Сидоров был некурящим, и времени действительно оставалось маловато. Так что в трех поворотах от комнаты СМЕРШа снова клацнул затвор и нить времен натянулась, готовая лопнуть, только Сидоров вдруг стал приседать, как бы прятаться, прикрываясь своим под расстрельным, а пригнувшись, маханул в сторону аж метра на три и перекатился за угол. Обернулся Зверев, а за спиной у него мотоцикл с коляской и два немца со шмайсерами в свежей полевой форме. Будто только что со склада. Гогочут и руками машут.

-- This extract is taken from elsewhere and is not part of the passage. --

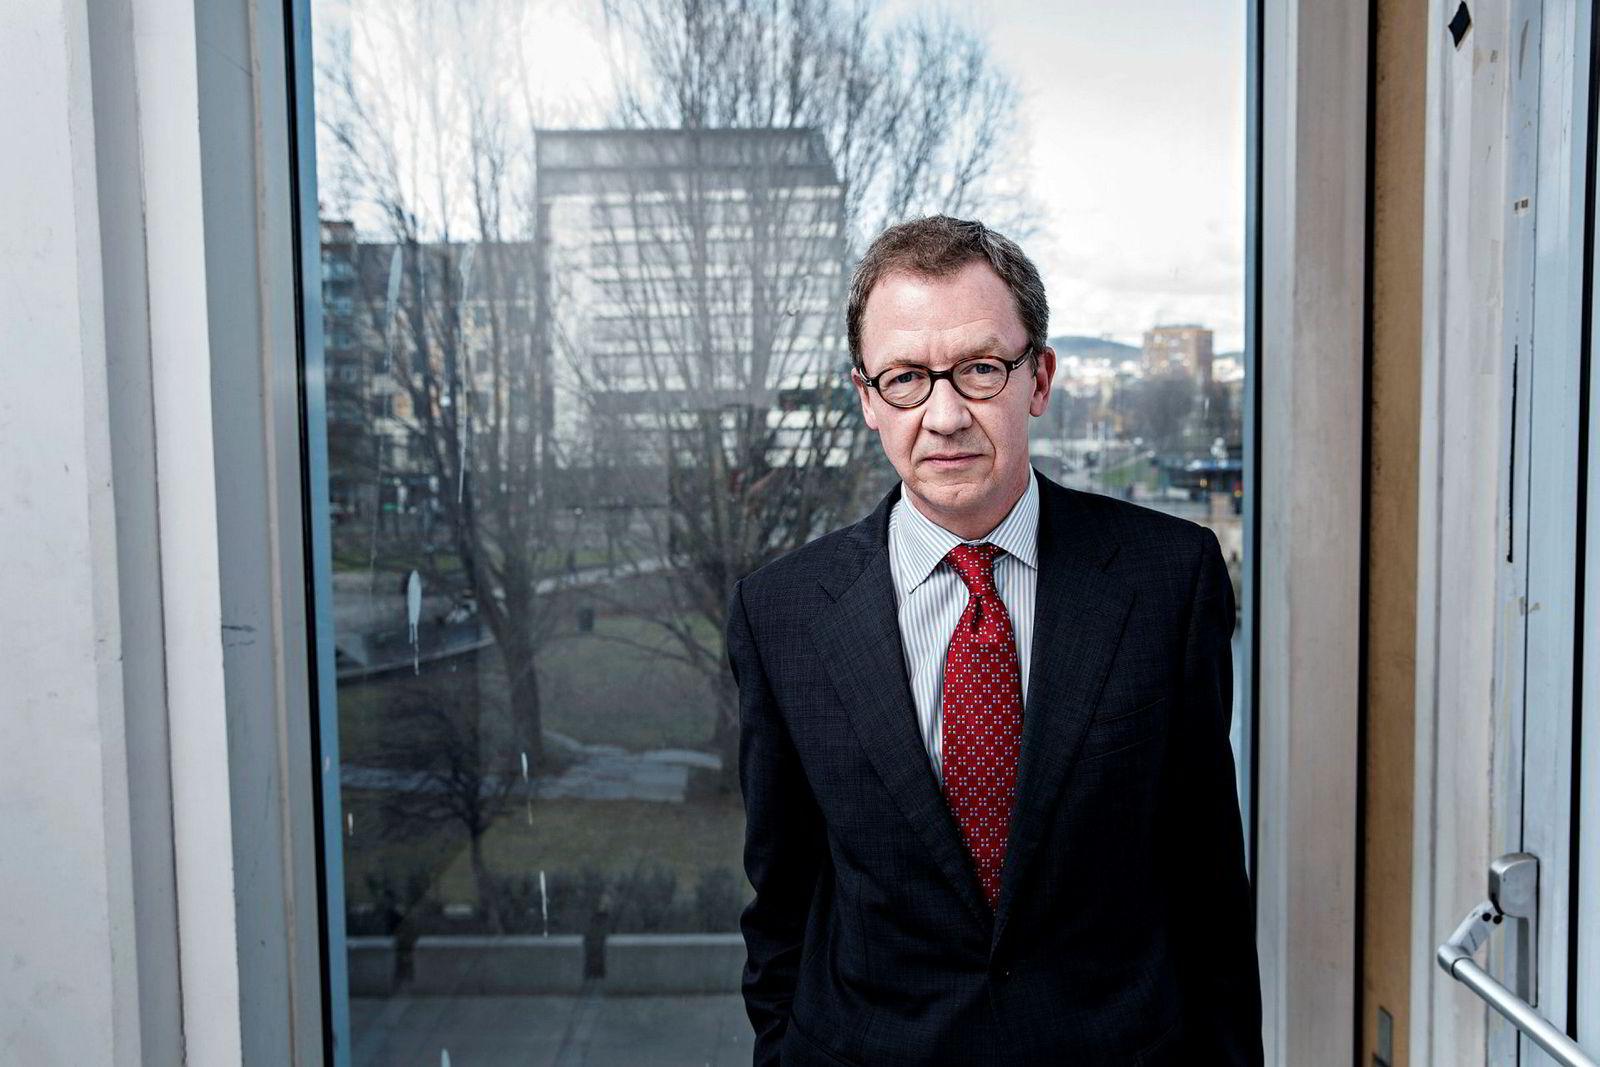 Idar Kreutzer, administrerende direktør i Finans Norge, håper Metoo-historiene gjør at det blir lettere å varsle, også fordi det er en påminnelse til ledere om at det er deres ansvar å forebygge og håndtere slike saker på en god måte.

— Ты есть литовский патриот. Тебя хотел пуф-паф этот солдат из Коминтерна? Йа!

— Йа! Йа! Я свой! Я из Йоношкиса. У меня там брат в полиции работает.

— О! Полицай! Хороший немецкий порядок. — Они подрулили к повороту и для порядка немного постреляли. Было слышно, как пули шмякают в мокрые стены, как сыплются мелкие камешки.

— Далеко ли есть штаб, комиссар, сельсовет?

— Да хрен его знает, товарищ оккупант.

— Га-га-га! Товарищ! Га-га-га. Ну иди, не спешай. Мы едет тут, сзади. Шнель…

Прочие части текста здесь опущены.